Recently Rural: A Memoir
by Eugene Havens

You’ll never compete for housing again. The thought was my first real attraction to rural life. Finding a stellar place to live, without stress, without opposition, was the dream of every urban person and, for all but the trust fund class, pure fantasy. The rest of us knew the pain of the chase for an affordable apartment. Once you knew you needed to change your address, your teeth clenched. You had entered the mad scramble of a penniless college student arriving to campus. Your budget was tight, your options limited. You could taste desperation on your tongue just thinking about it. A housing search brought a crushing feeling of inadequacy to the city dweller. What if everyone beat me out? What depressing shanty would I be forced into? How safe will it be? How far will I need to drive to everything that mattered?

All would be dispelled by moving to rural America. The Olympic event of apartment hunting would be history. In a rural town, you would find a choice on every corner. Did you want a mid-century farmhouse? Would a cottage by a stream suit you better? What about a spindly-legged mountain lookout? It was ready and waiting for the incoming rural resident. Just take your pick.

We told ourselves that getting beaten up by the city was good for us. It kept us from getting soft. If so, I was ready to get soft. Rural America, I accept your invitation to a pillowy life.

There was only one problem. It was an exaggeration, a white lie.

You wondered later if you misheard. Did Rural America really say it was easier to live there? People said it. They lived there. How could they be so wrong? What were they talking about?

Was rural America ready and waiting with open arms for newcomers? Not quite. Not really. To put it bluntly, not at all.

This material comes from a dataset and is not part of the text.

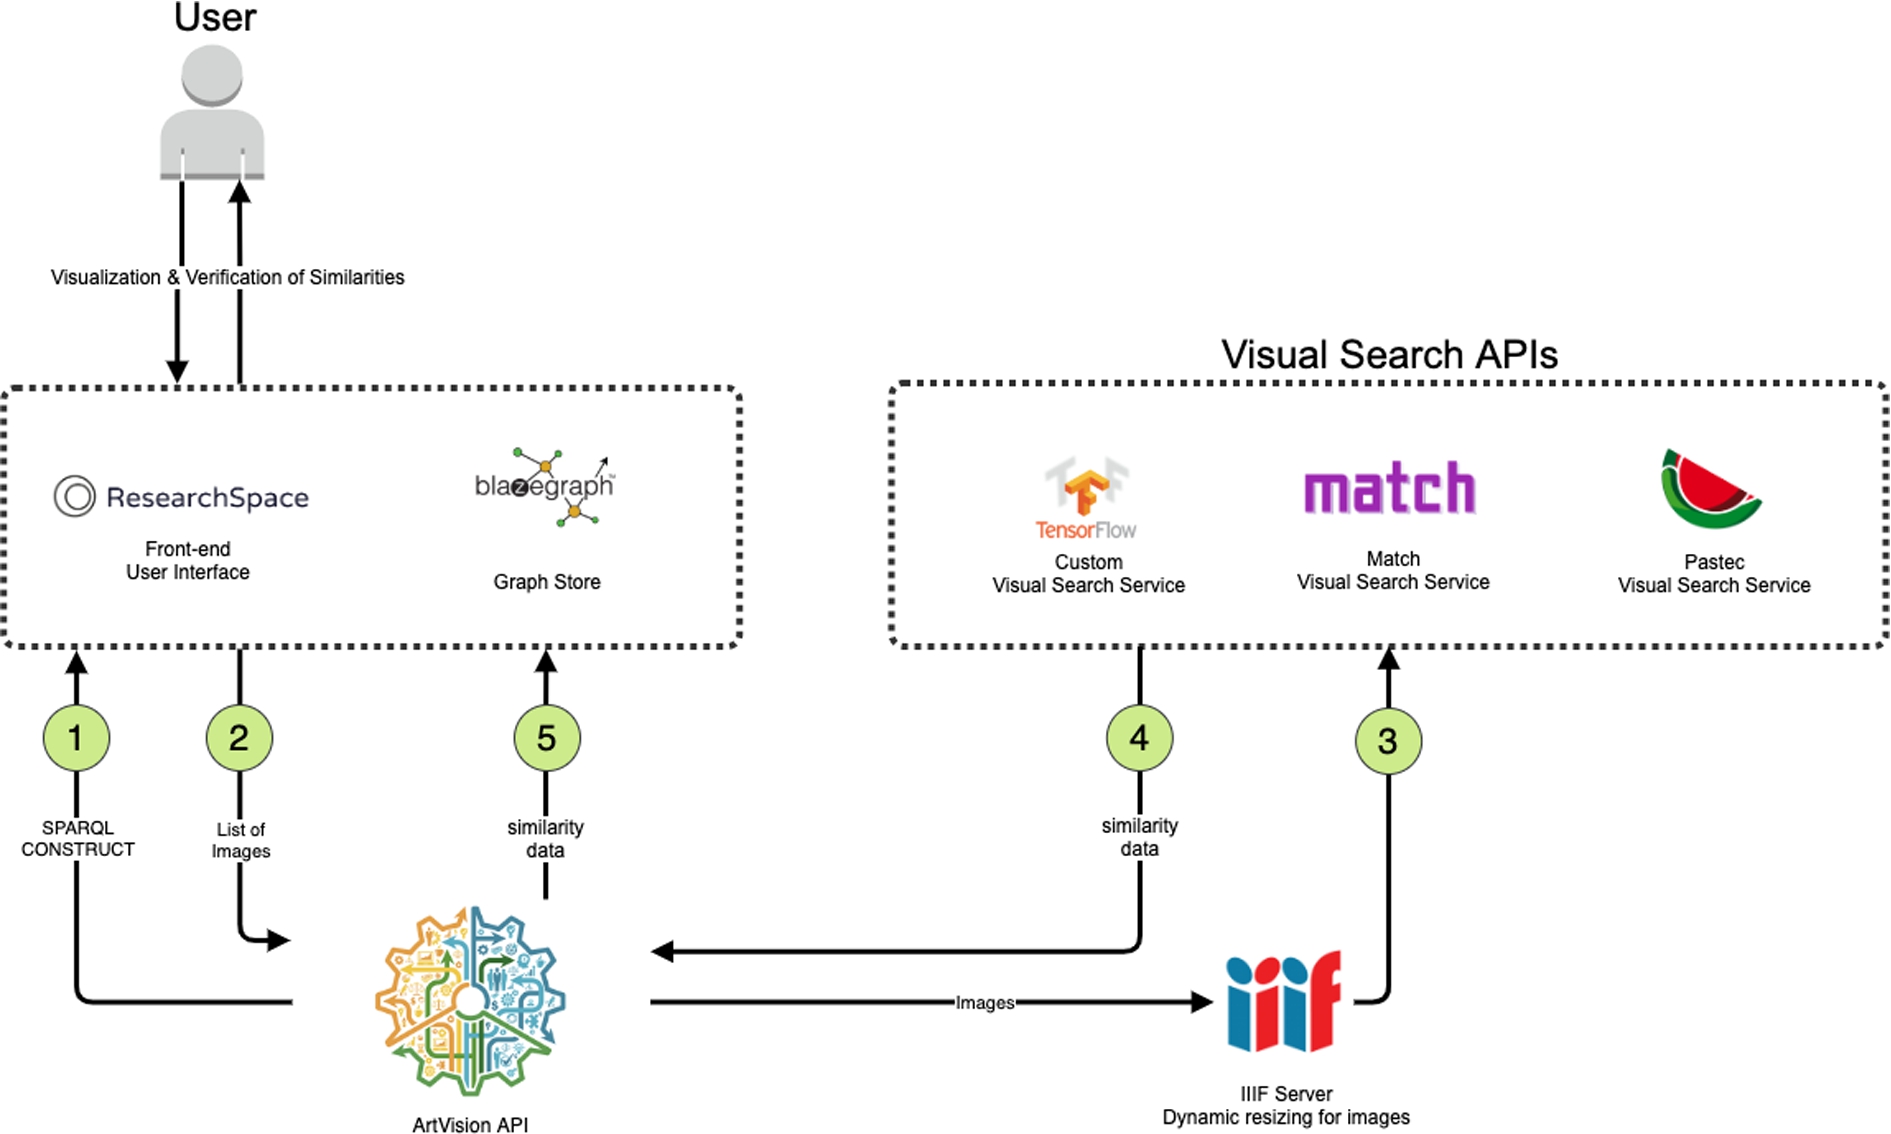 Software architecture for the ArtVision API.

The first clue that I was in for a ride appeared even before I left the city. My rural contacts shared some troubling advice: “Could you possibly rent a house online before coming here?”

Say what? I had never rented online, not even in NY or LA.

“Yeah, we’re facing a bit of a housing squeeze up here. It would be better for you if you rented ahead.”


“You might have to drive in from ten miles away, which isn’t ideal in winter. People are renting places in outlying towns. There’s a lot of demand and not a lot of housing right now.”

“People are living in smaller towns to drive to the small town,” I said.

“You should rent ahead. Here’s a website.”

The website had houses for rent. We had expected to rent for a while. I was in no rush to buy, for obvious reasons. She was unsure of our cash flow as she started a job there.

My significant other was starting a new career in a small town, which was a step up from her city career. It was a long story.

I emailed the listing agent. “We like this one. Is it available?”

“Great doing business with you,” he replied. “We look forward to you coming here.”

“Can we put down a deposit?”

“Not necessary. We’ll hold it for you.”

He was willing to hold a house for three weeks. I didn’t understand. I emailed back. “Can we fax an application?”

“No, that’s fine. We’ll wait until you get here.”

I told my significant other I was under the impression the rental market was tight. This is crazy. She found it charming. People were put together in order to disagree on everything. She said he was being friendly. Our rural contacts had filled him in. He was happy to have us. They told him I would be teaching college. They said my significant other would be starting her new career.

On paper, we looked like the golden couple. Plus, we had a kid young enough to warm your heart.

“I like to nail things down,” I said. Here I was arguing for cementing our place in a small town. It was how I knew rentals. Once you saw something, you nailed it down. She wasn’t worried.

“If he says he’ll hold it for us, I’m sure he will.”

If we didn’t rent ahead, we would be commuting to the town. Wasn’t a small town supposed to make your commute disappear? We had to scramble to find a place before getting there. Wasn’t a small town supposed to let you retire from a life of scrambling?

The biggest benefit for a tired city person was already a fiction. Yes, we could rent ahead. I had never done it and was probably proud to avoid it. I had canvassed the city with a newspaper in the days before smartphones. I was the first one to an open house, the smiliest and most agreeable with the owner. It gave me a chance to see what I was going to be living in.

Having to rent online ruined a fantasy about rural life. It wasn’t sitting there waiting for you. It was a squeeze like everywhere else. And why not? Life didn’t throw you softballs.

What flummoxed my feeble brain most was the existence of a housing shortage in an unknown place. Wasn’t the point of a small town to live in a location where few people wanted to be? Hadn’t we zagged while everyone else zigged? It sounded absolutely terrible to ask these questions. The town was the proud home of fine people. And yet, they weren’t being resettled based on certain promises of effortlessness and ease. They didn’t have a significant other who promoted the town’s best aspects for a city person.

I just seriously wanted to know. Why was the town being overrun?